Мои тени невменяемы, к сожаленью.

Я себе, пожалуй, отблески сотворю.

 

Что со мной не бывает...

Что со мной не бывает – не убивает, а что убивает – становится драгоценным, я прячу его, как мякоть, под плотной цедрой, поэтому меня и не убывает.

 

А на кухне чай остыл...

А на кухне чай остыл, недопитый чай, этот год почти прошел, если верить дате… И молчат они, и ангелы их молчат. Помолчи и ты, не стоит напоминать им. Если ты уйдешь, я буду сидеть, пока в тишине шаги не станут перерождаться в шорох неба, что царапают облака, не умея безболезненно расставаться. По ночам в подъезде беспомощен, как слепой, в темноте слова похожи на птичий клекот…

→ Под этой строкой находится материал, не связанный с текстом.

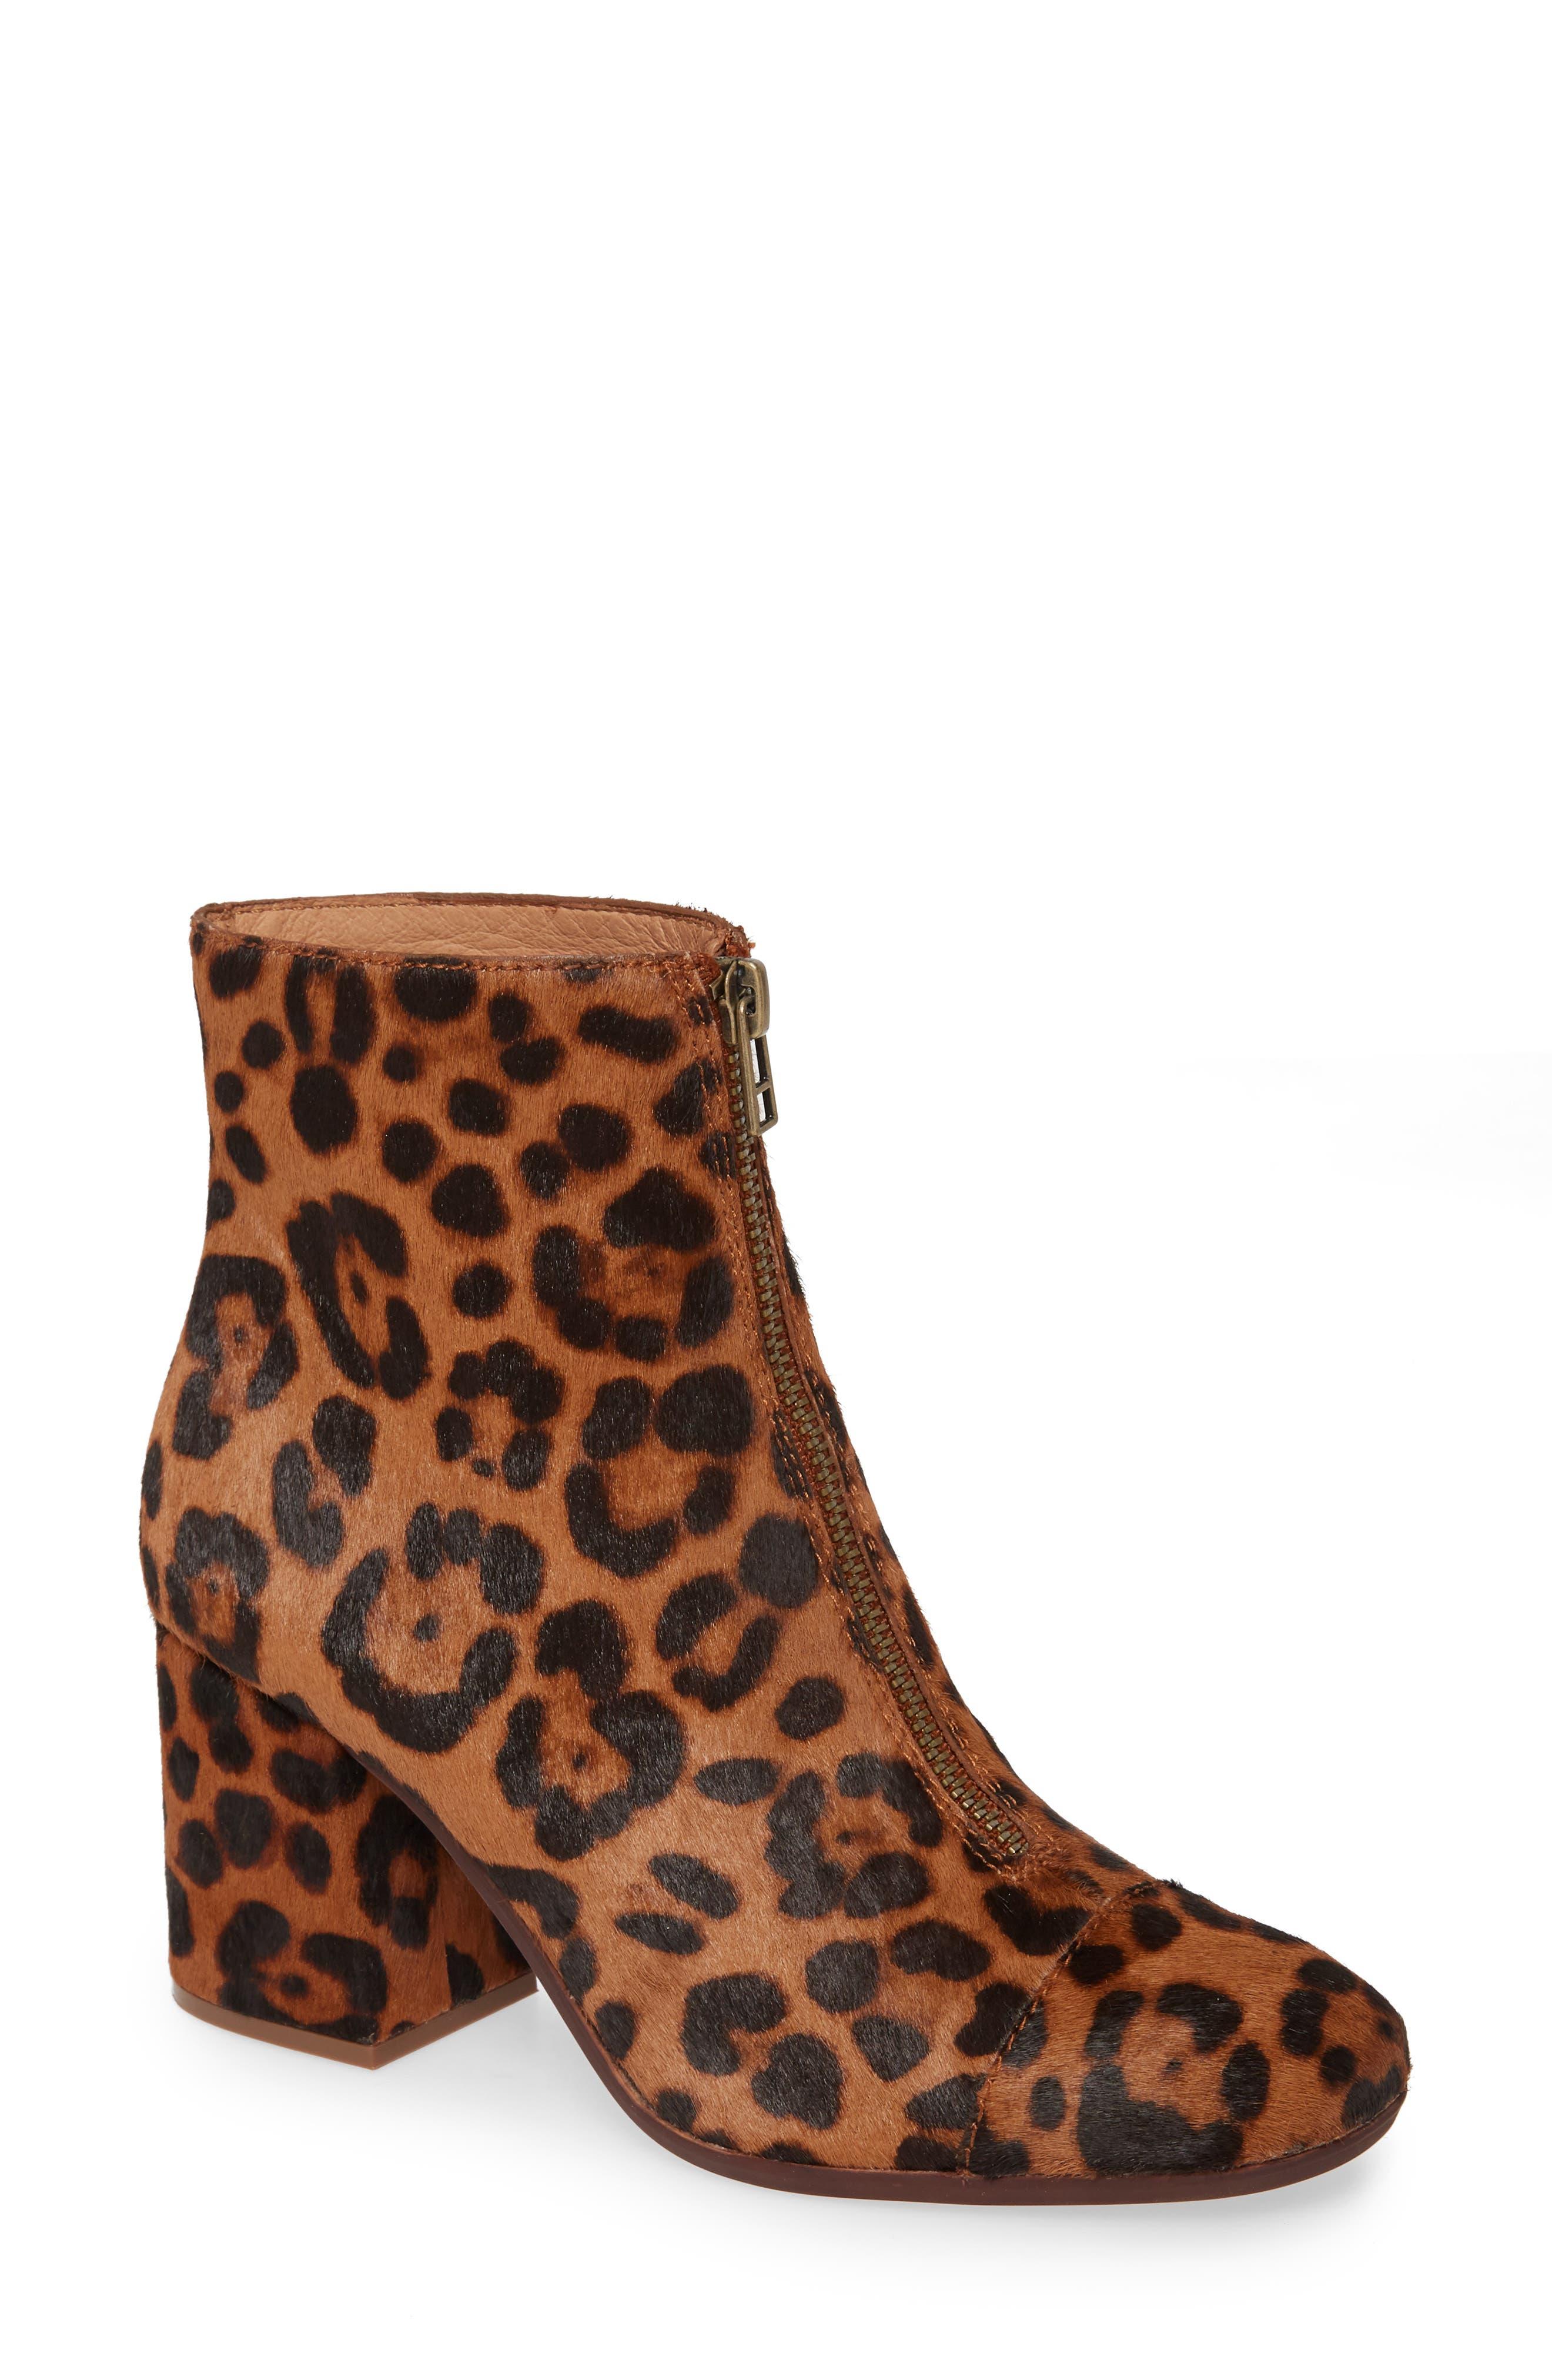 The Amalia Leopard Print Genuine Calf

Если ты сейчас оступишься – Бог с тобой. Продолжай спускаться, до выхода два пролета.

 

Не пиши мое имя...

Не пиши мое имя, оно состоит из тех отличительных знаков, коими отмечают переживших блокаду времени в пустоте и оставивших одиночество за плечами. Не пиши мое имя пером моего крыла на осеннем асфальте, сумрачном перепутье, не пиши мое имя. Я у тебя была, чтобы ты оказался там, где меня не будет. Там и воздух иной, и зима наступает так, словно цвет отменили и сделали воду пресной, там другая с тобой просыпается по утрам, смотрит в твой объектив, смеется, повысив резкость диссонанса, смущаясь, пытается что-то снять, неумело целует родинку на ключице…

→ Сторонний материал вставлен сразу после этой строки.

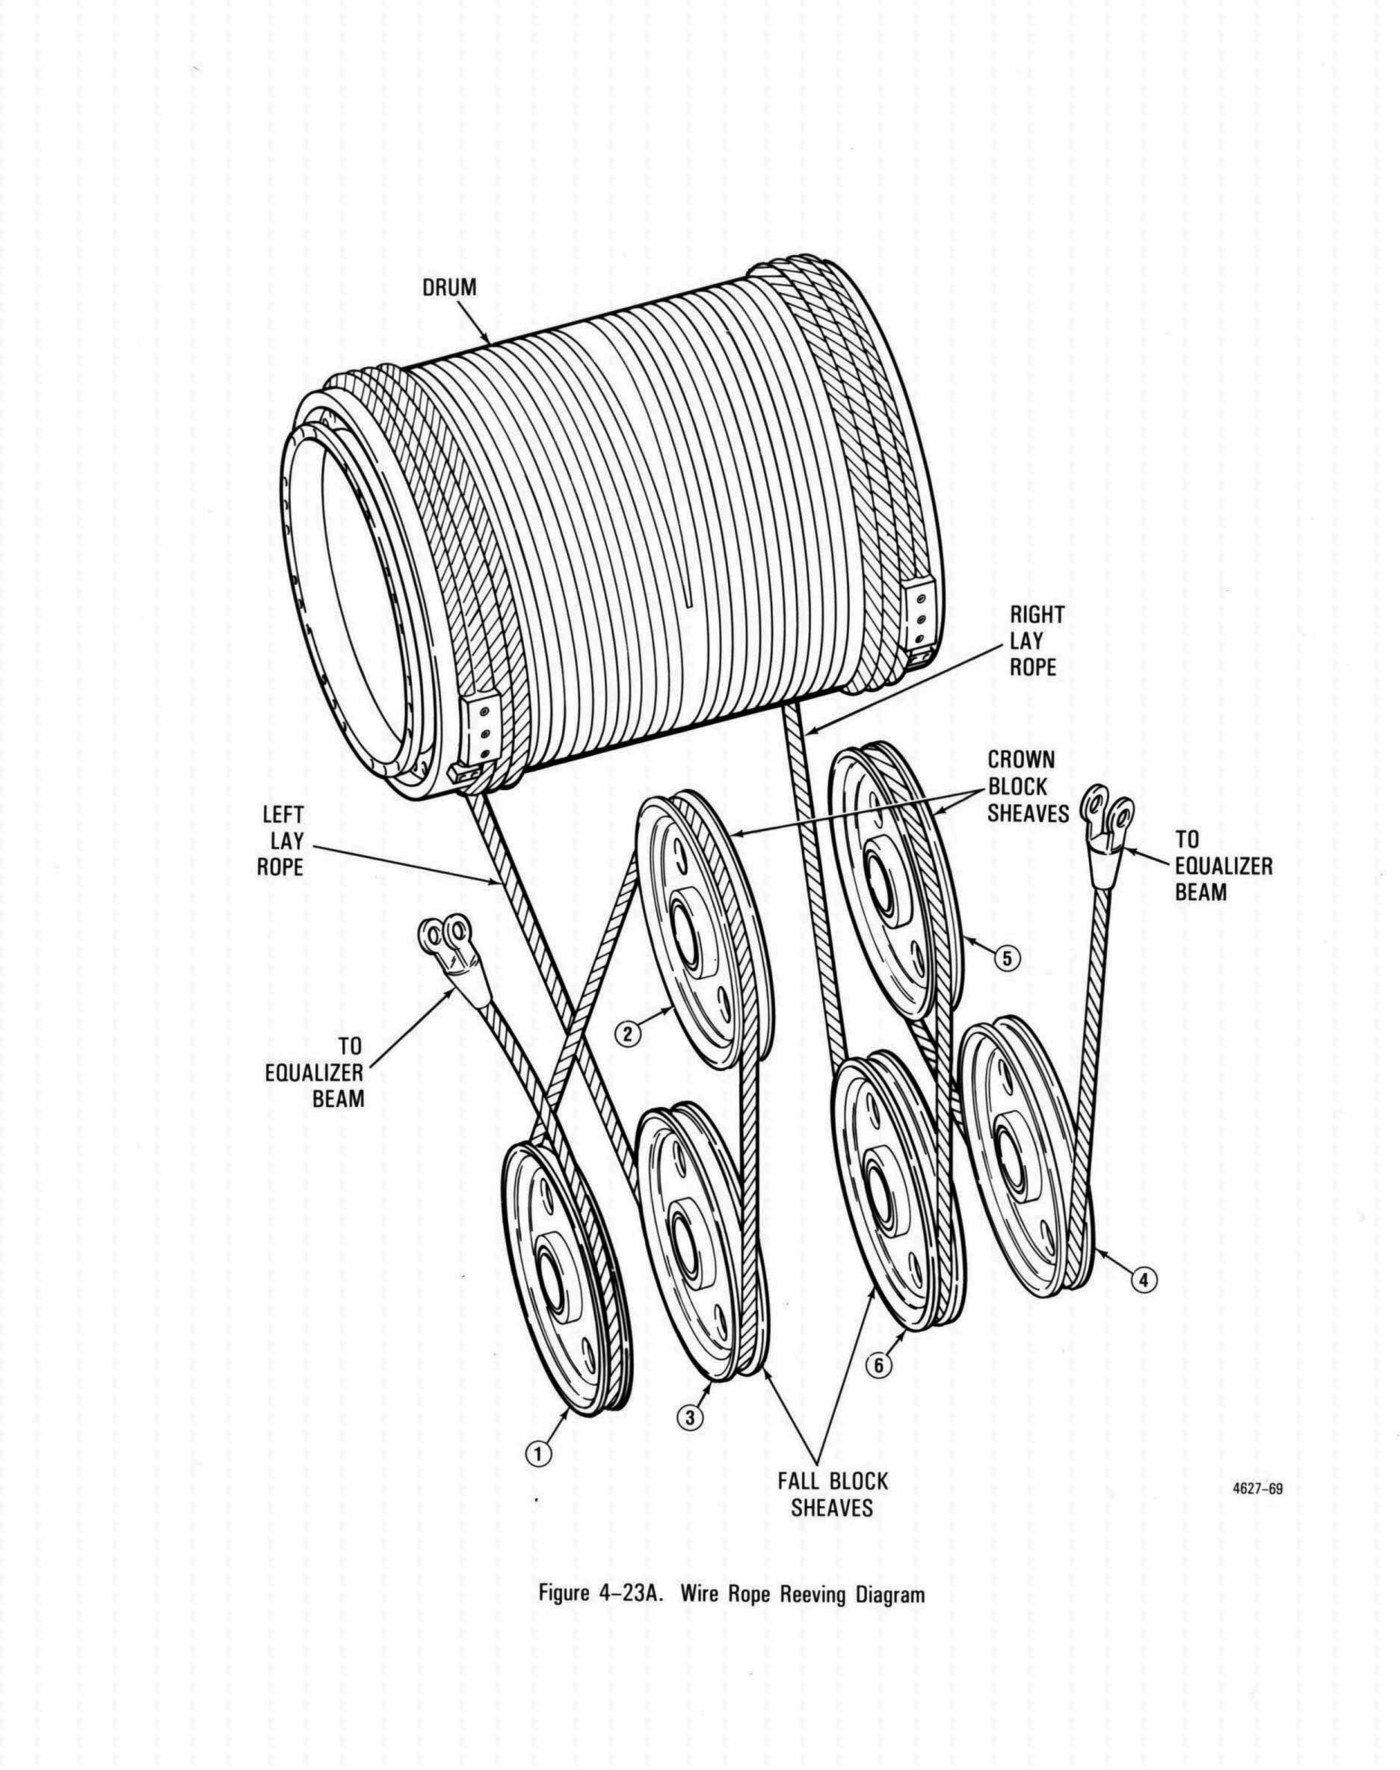 Wire Rope Hoist Dolgularcom Q-see Qsds14273w Wire Diagram Model

Не пиши мое имя. Не вспоминай меня.

Слишком многое может осенью приключиться.

 

Спи, мой хороший...

Спи, мой хороший. Я снюсь тебе, и пока сон твой глубок, и полночь стоит на страже, я напряженным кончиком языка каждую венку твою обвожу и глажу, запоминая изгибы и находя в коже упругой теплые точки неги…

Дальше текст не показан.